Brokers of Deceit: How the U.S. Has Undermined Peace in the Middle East
- Author: Rashid Khalidi
- Language: English
- Subject: Middle East politics, U.S. foreign policy, Israeli–Palestinian conflict
- Genre: Non-fiction
- Publisher: Beacon Press
- Publication date: March 11, 2014
- Publication place: United States
- Media type: Print (Hardcover and Paperback), E-book
- Pages: 208
- ISBN: 9780807033241

= Brokers of Deceit: How the U.S. Has Undermined Peace in the Middle East =

2014 book by Rashid Khalidi

Brokers of Deceit: How the U.S. Has Undermined Peace in the Middle East is a book about United States foreign policy and the Israeli–Palestinian conflict by the American-Palestinian historian and academic Rashid Khalidi. It was published in 2014 by Beacon Press. The book critically examines the role of the United States in the Israeli–Palestinian peace process.

== Summary ==

Khalidi analyses three key moments in the recent history of the conflict: the Camp David Accords in 1978, the Madrid Conference of 1991, and President Barack Obama's retreat from his initially firm stance on the settlement issue in the early years of his presidency. Throughout the book, Khalidi argues that the United States, which claims to be an impartial broker of peace, is in fact heavily biased toward Israel.
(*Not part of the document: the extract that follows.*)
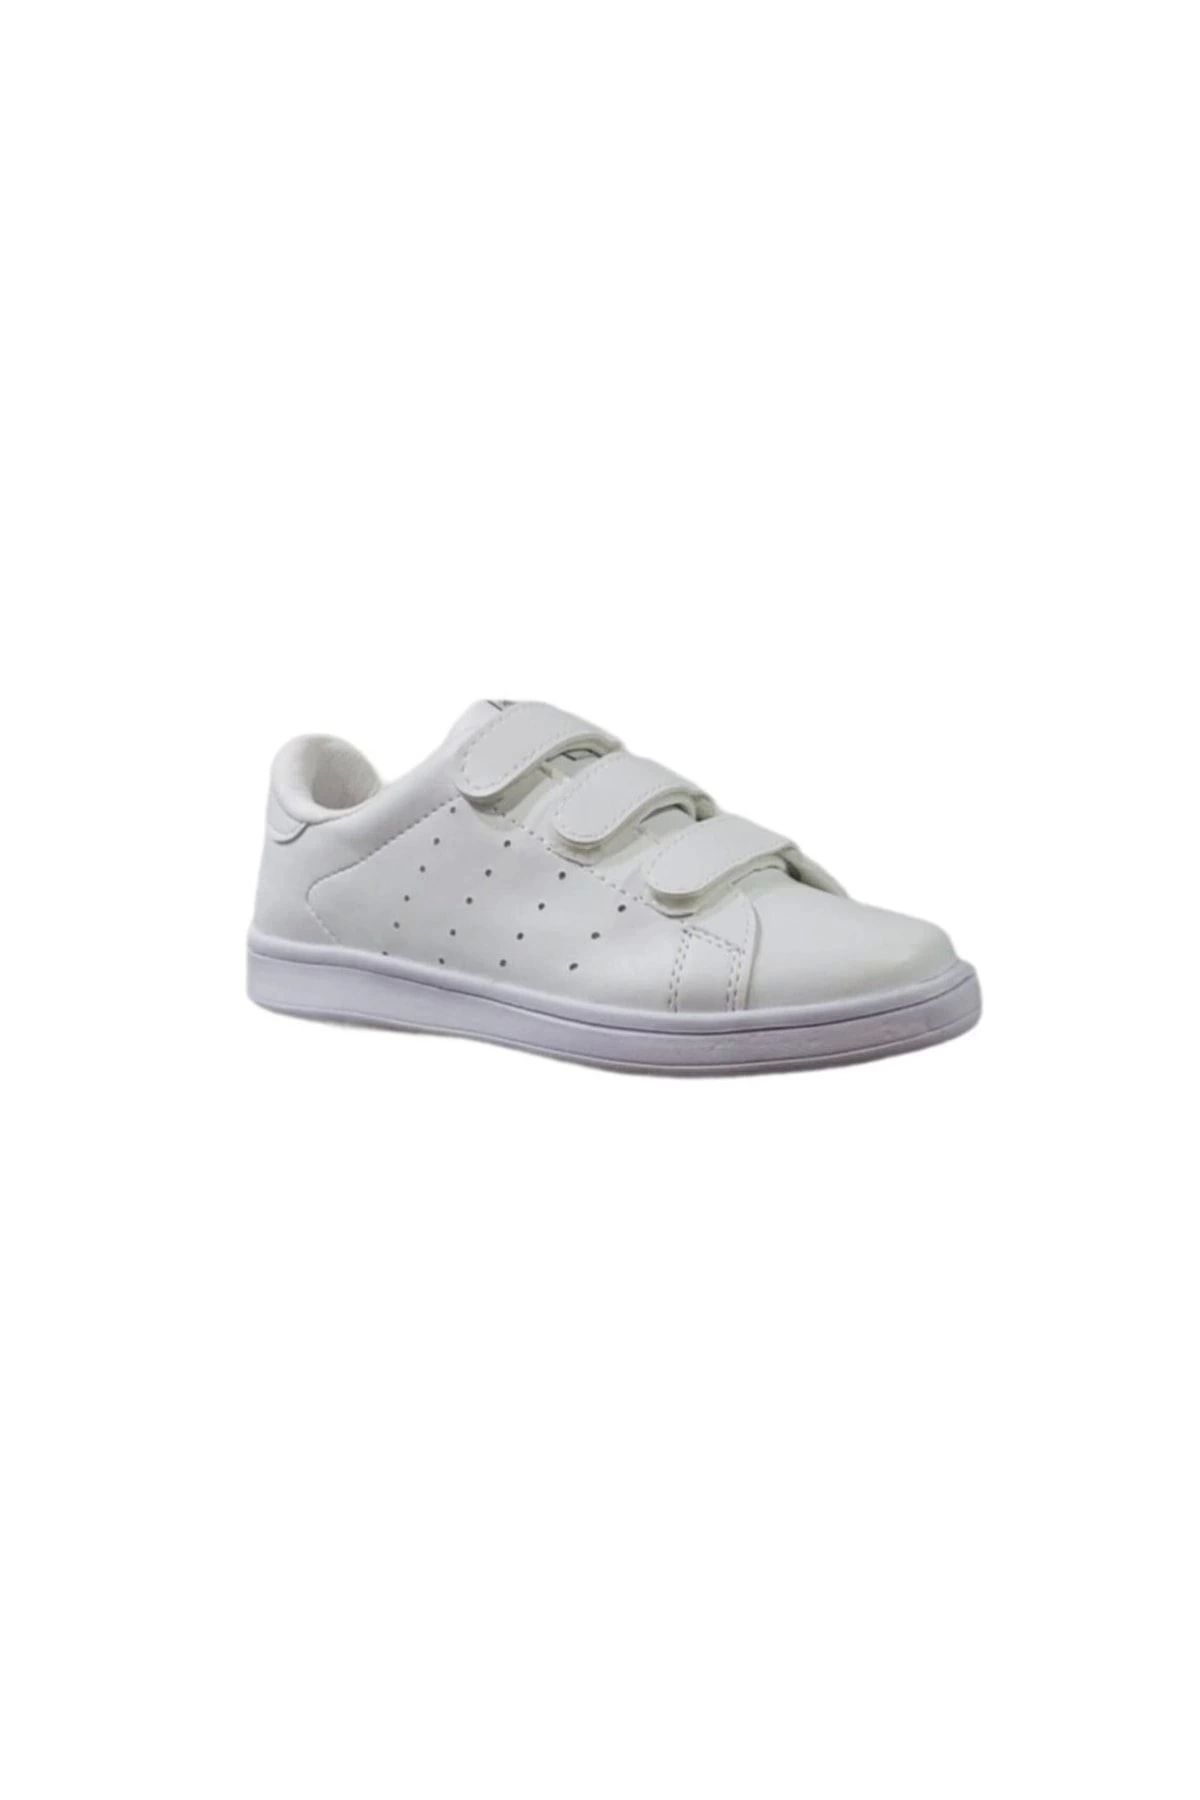 Venuma Beyaz Shoes Unisex Ultra Hafif Cırtlı Beyaz Günlük Yürüyüş Spor Ayakkabı
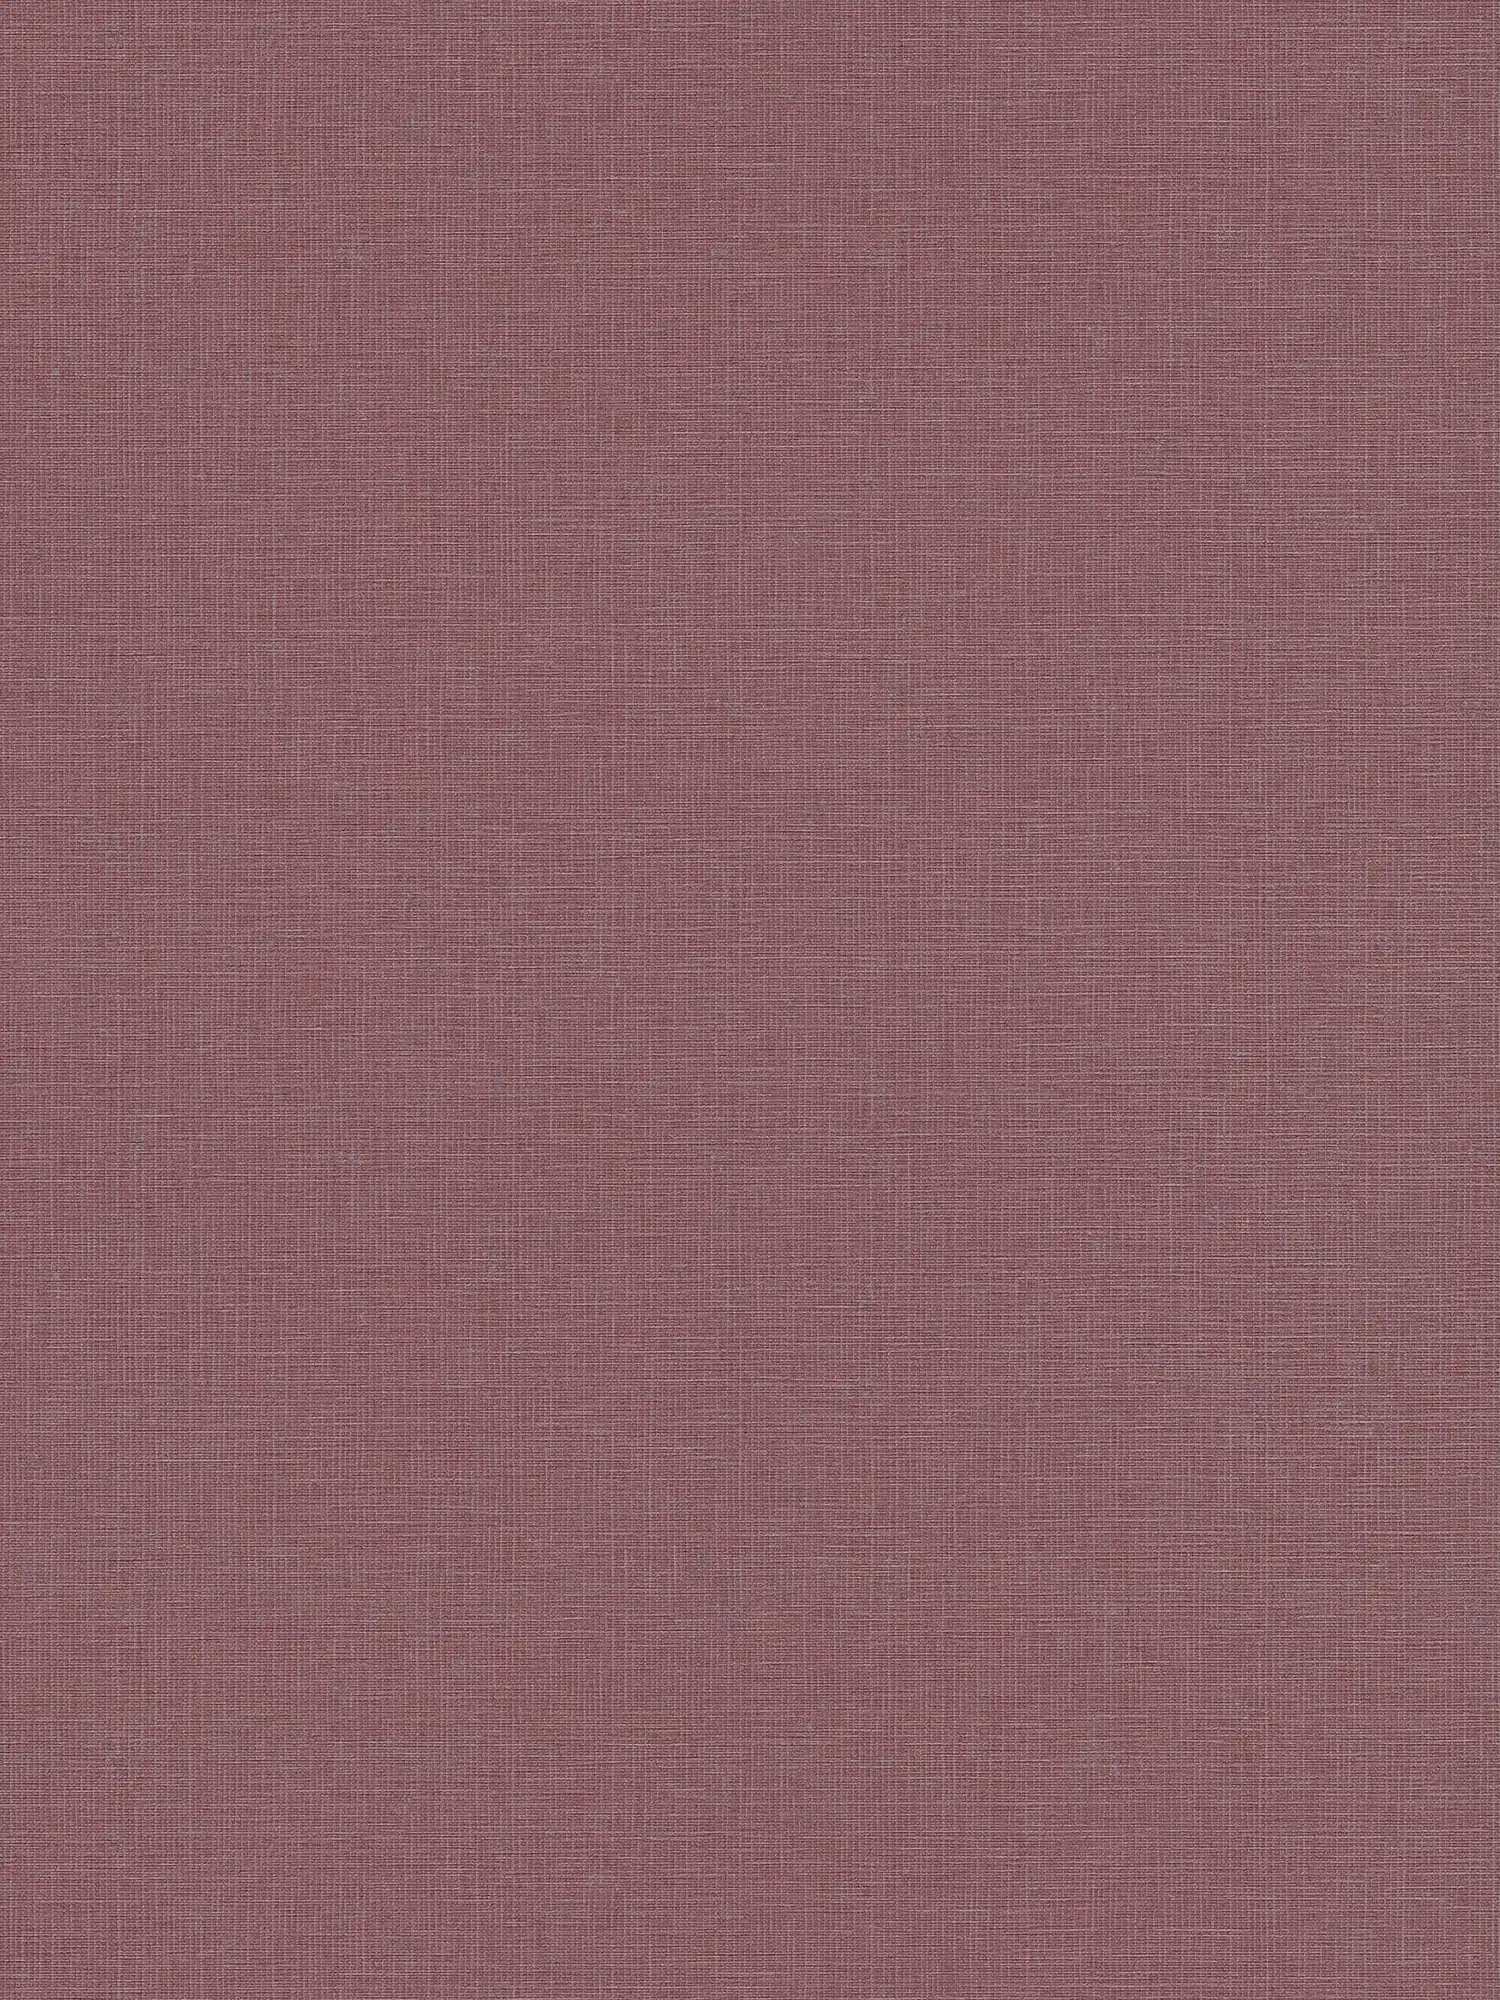 Papel pintado liso no tejido con estructura de lino - rojo

He uses the term "Brokers of Deceit" to describe how American officials have used doublespeak and obfuscation to manage a rhetorical commitment to peace while actually consolidating the status quo and undermining the potential for a just resolution to the conflict.

The author also discusses the influence of domestic politics and the Israel lobby in the United States shaping U.S. policy in the Middle East. In particular, argues that American support for Israel is a product of American strategic and corporate interests, rather than solely the influence of the Israel lobby.